Post-Doc in Computer Science
University of Basel

Profile image

I am pleased to invite you to the defense of my Ph.D. thesis entitled:

"Control-based runtime management of HPC systems with support for reproducible experiments"

Current version of the manuscript

Date and place:

December 11th, 10am CET, at the Amphitheater of the Bâtiment IMAG, 150 place du Torrent, 38401 Saint Martin d’Hères

NEW Zoom link: https://univ-grenoble-alpes-fr.zoom.us/j/91564053098?pwd=RWZheVJiWldncUx6S2M0b01qdzhHdz09

Jury:

Abstract:

High-Performance Computing (HPC) systems have become increasingly more complex, and their performance and power consumption make them less predictable. This unpredictability requires cautious runtime management to guarantee an acceptable Quality-of-Service to the end users. Such a regulation problem arises in the context of the computing grid middleware CiGri that aims at harvesting the idle computing resources of a set of cluster by injection low priority jobs. A too aggressive harvesting strategy can lead to the degradation of the performance for all the users of the clusters, while a too shy harvesting will leave resources idle and thus lose computing power.
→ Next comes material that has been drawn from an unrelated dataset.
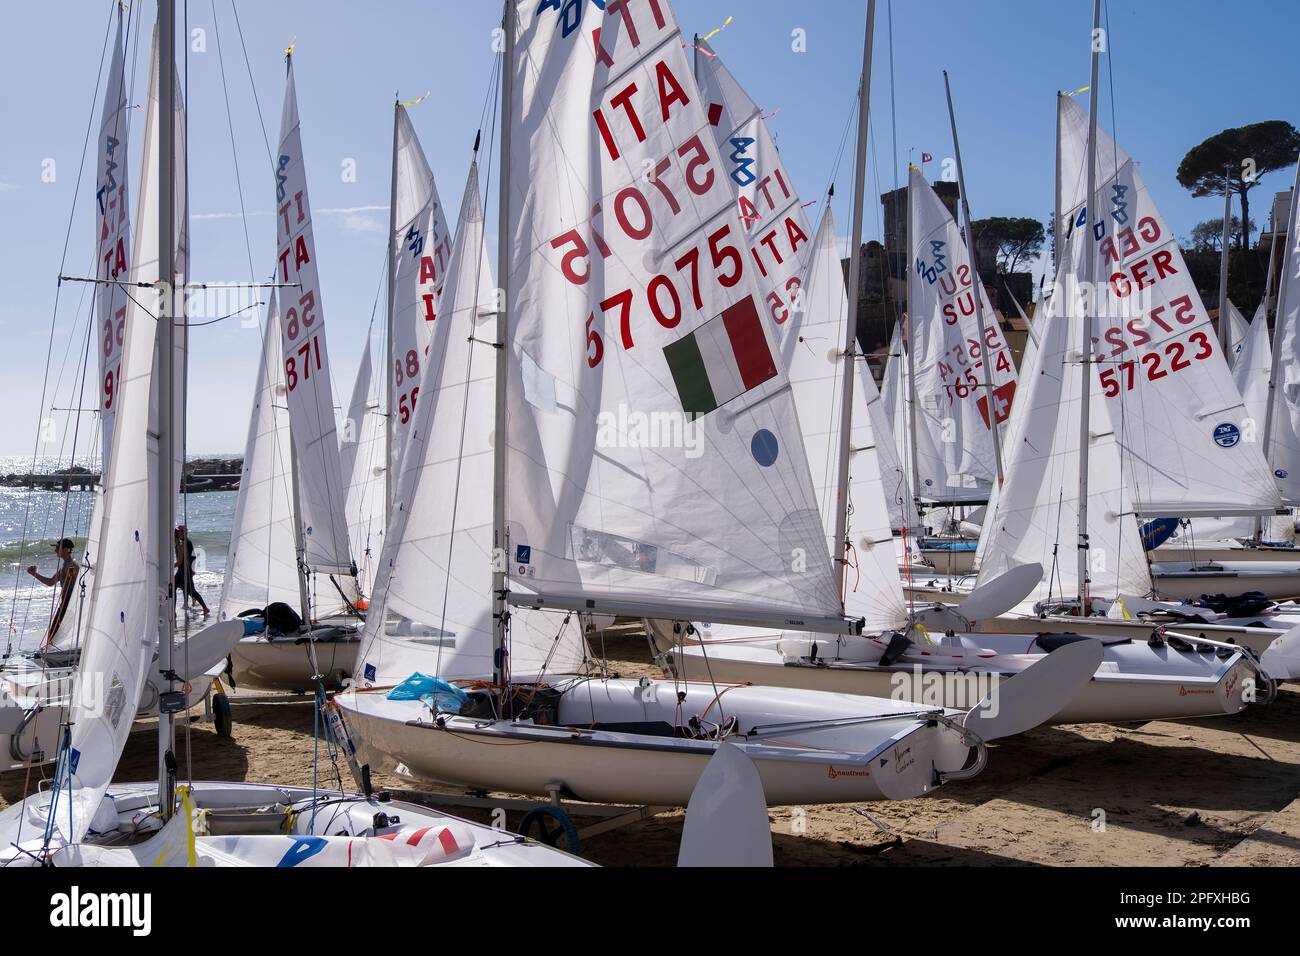 SAN TERENZO, LERICI, ITALY - MARCH 10, 2023: San Terenzo beach, crowded with sailboats before the regatta in spring. Lerici, in the Gulf of La Spezia, Stock Photo

There is thus a tradeoff between the amount of resources that can be harvested and the resulting degradation of users jobs, which can evolve at runtime based on Service Level Agreements and the current load of the system.

We claim that such regulation challenges can be addressed with tools from Autonomic Computing, and in particular when coupled with Control Theory. This thesis investigates several regulation problems in the context of CiGri with such tools. We will focus on regulating the harvesting based on the load of a shared distributed file-system, and improving the overall usage of the computing resources. We will also evaluate and compare the reusability of the proposed control-based solutions in the context of HPC systems.

The experiments done in this thesis also led us to investigate new tools and techniques to improve the cost and reproducibility of the experiments. We will present a tool named NixOS-compose able to generate and deploy reproducible distributed software environments. We will also investigate techniques to reduce the number of machines needed to deploy experiments on grid or cluster middlewares, such as CiGri, while ensuring an acceptable level of realism for the final deployed system.